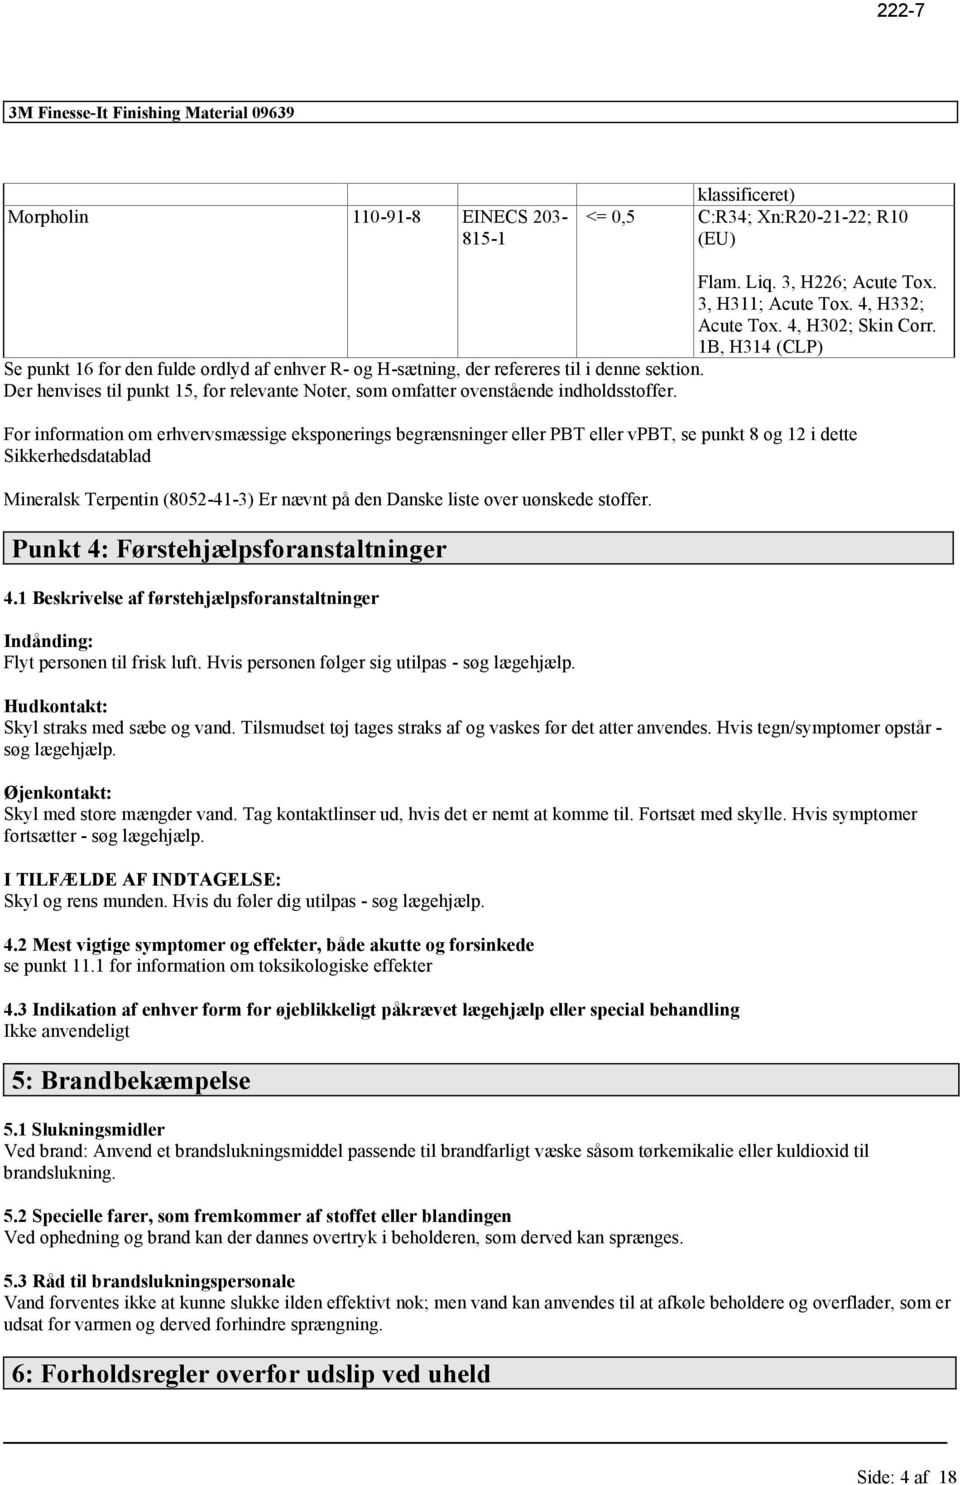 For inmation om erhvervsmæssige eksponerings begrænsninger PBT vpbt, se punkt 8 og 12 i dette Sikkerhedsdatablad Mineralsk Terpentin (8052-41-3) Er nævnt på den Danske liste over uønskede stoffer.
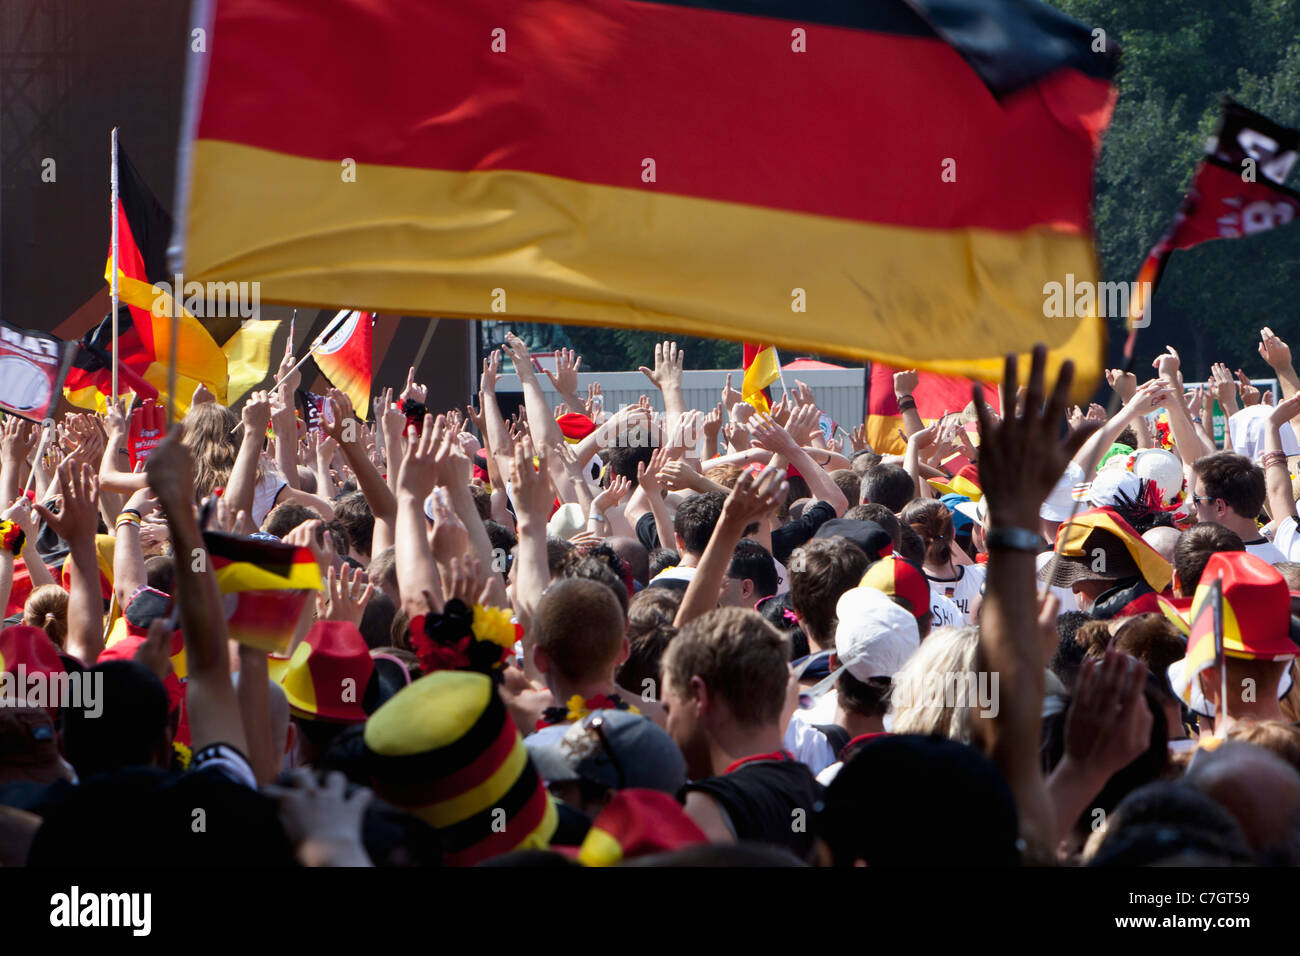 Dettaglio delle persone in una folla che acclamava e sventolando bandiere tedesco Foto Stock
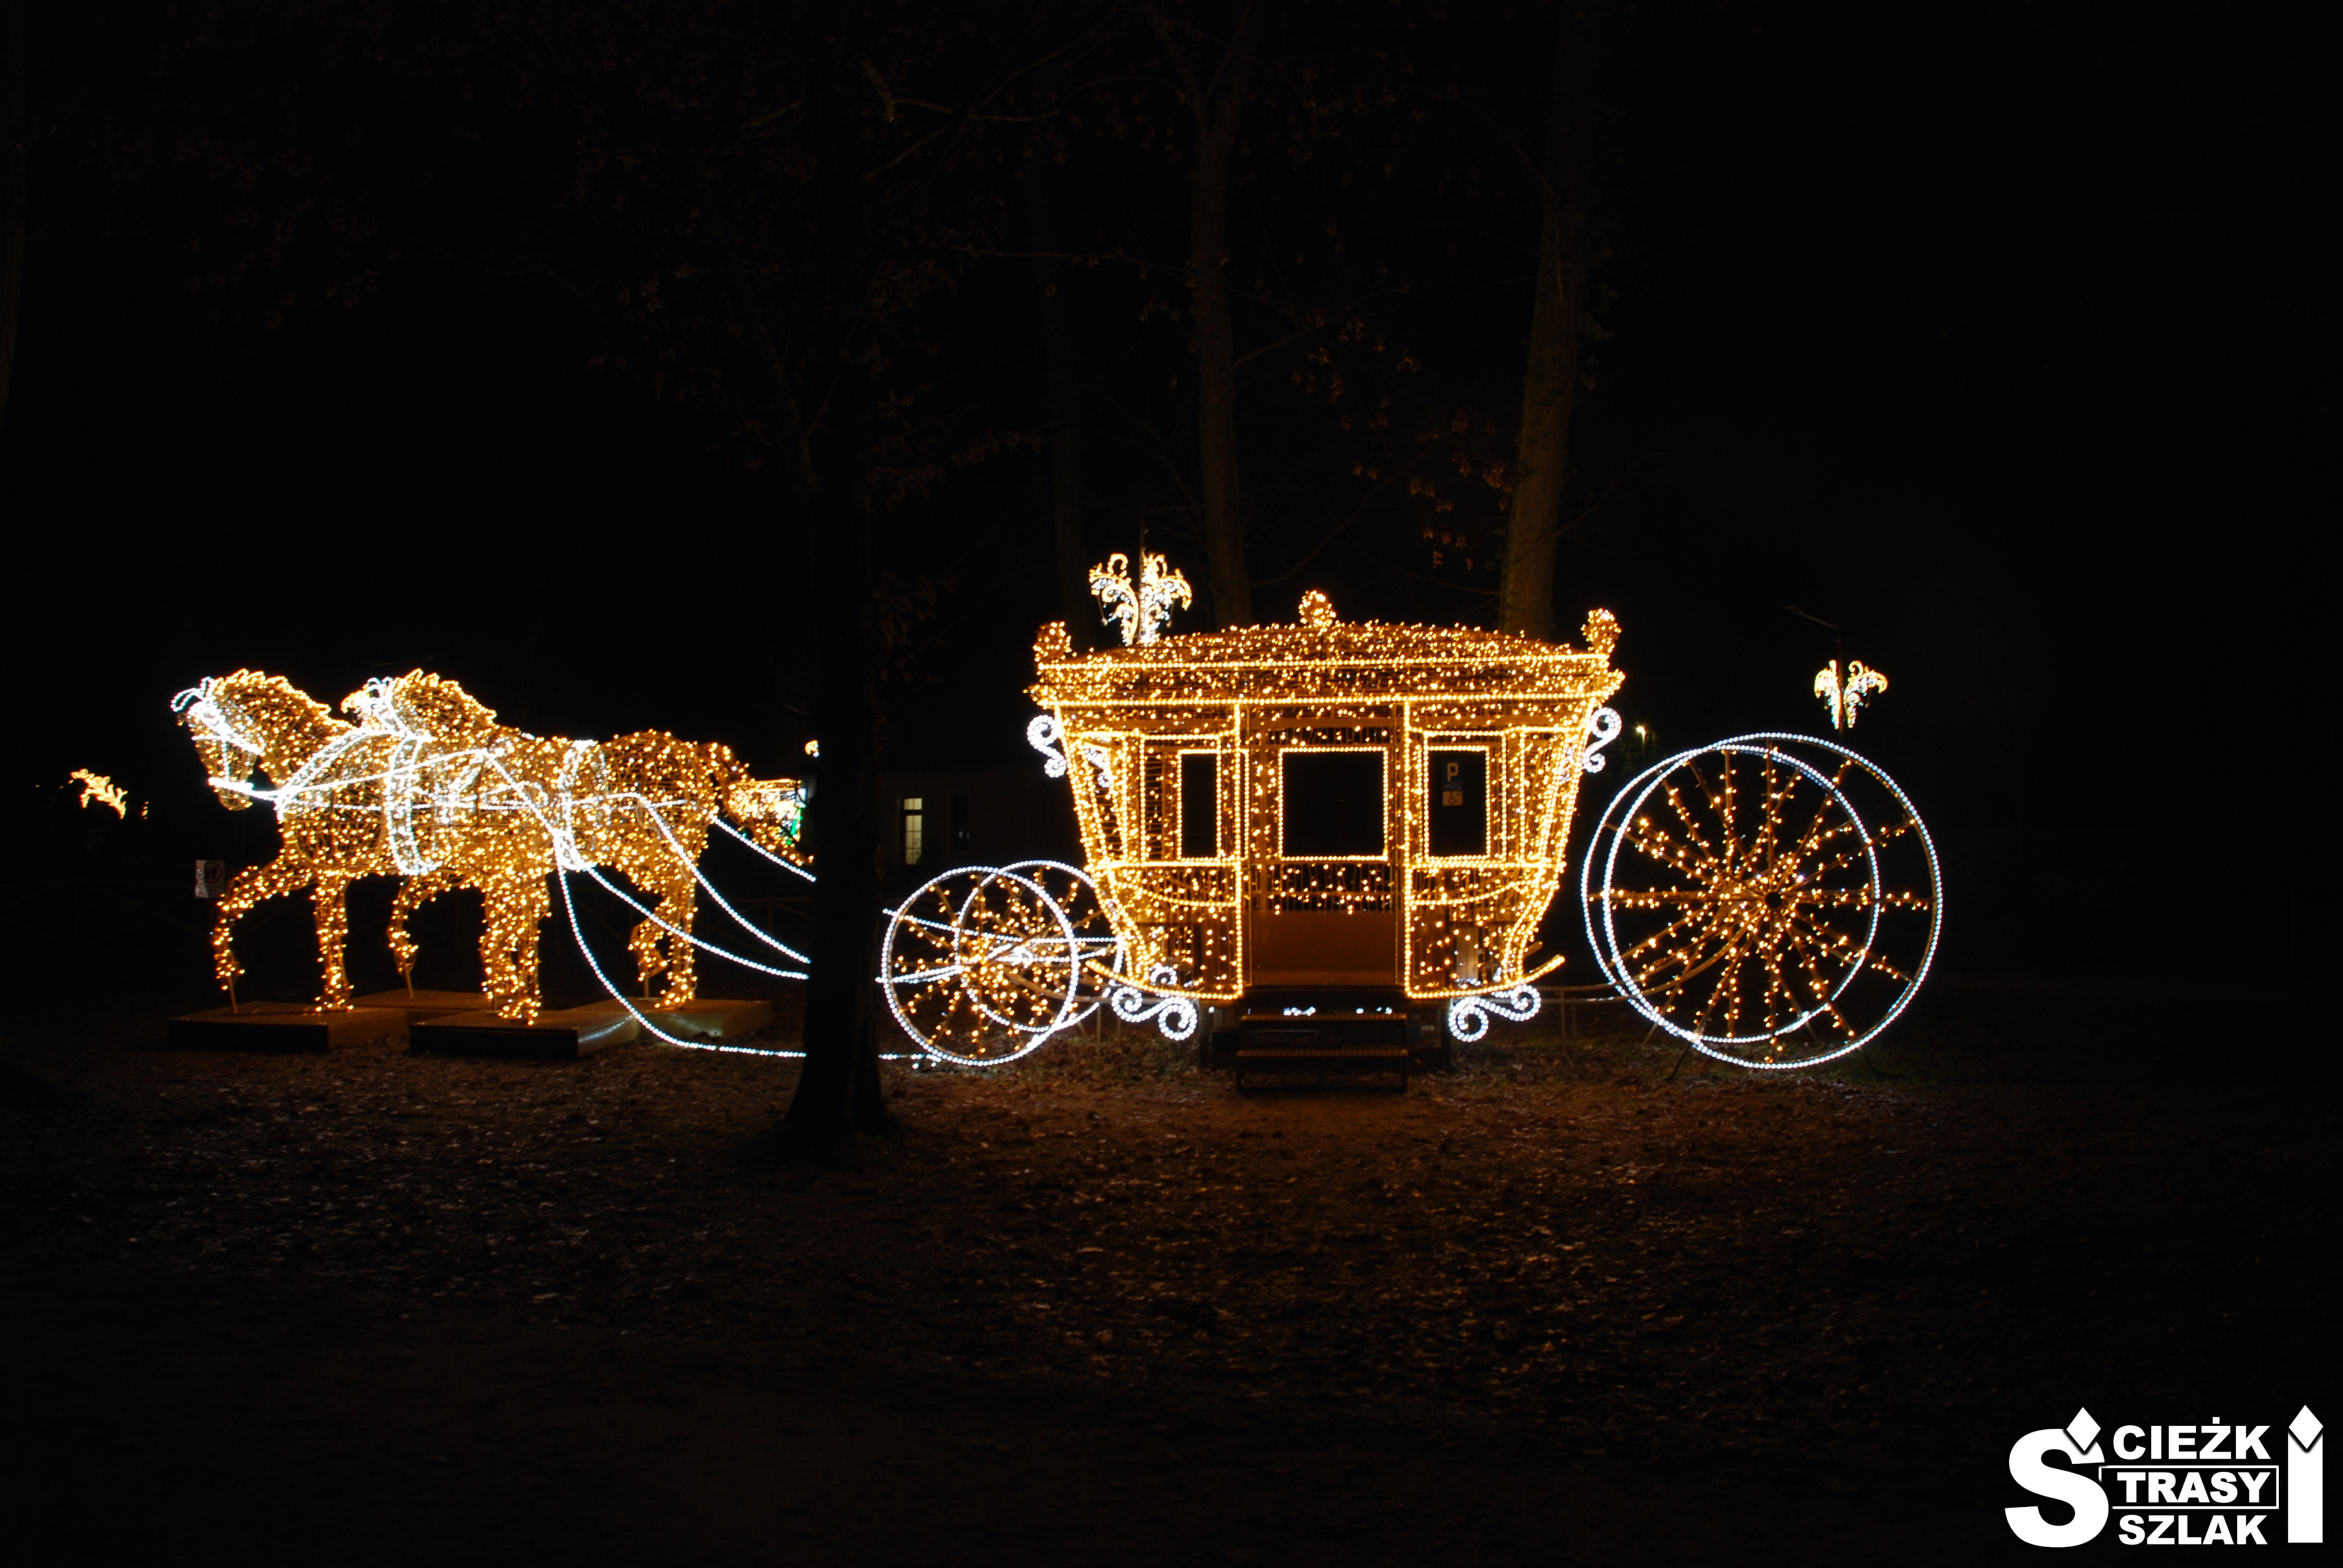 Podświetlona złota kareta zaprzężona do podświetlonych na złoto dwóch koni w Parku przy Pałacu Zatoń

※

Leave out the pictures and copy the rest of the material above exactly.

 For inmation om erhvervsmæssige eksponerings begrænsninger PBT vpbt, se punkt 8 og 12 i dette Sikkerhedsdatablad Mineralsk Terpentin (8052-41-3) Er nævnt på den Danske liste over uønskede stoffer.
 Dettaglio delle persone in una folla che acclamava e sventolando bandiere tedesco Foto Stock
 Podświetlona złota kareta zaprzężona do podświetlonych na złoto dwóch koni w Parku przy Pałacu Zatoń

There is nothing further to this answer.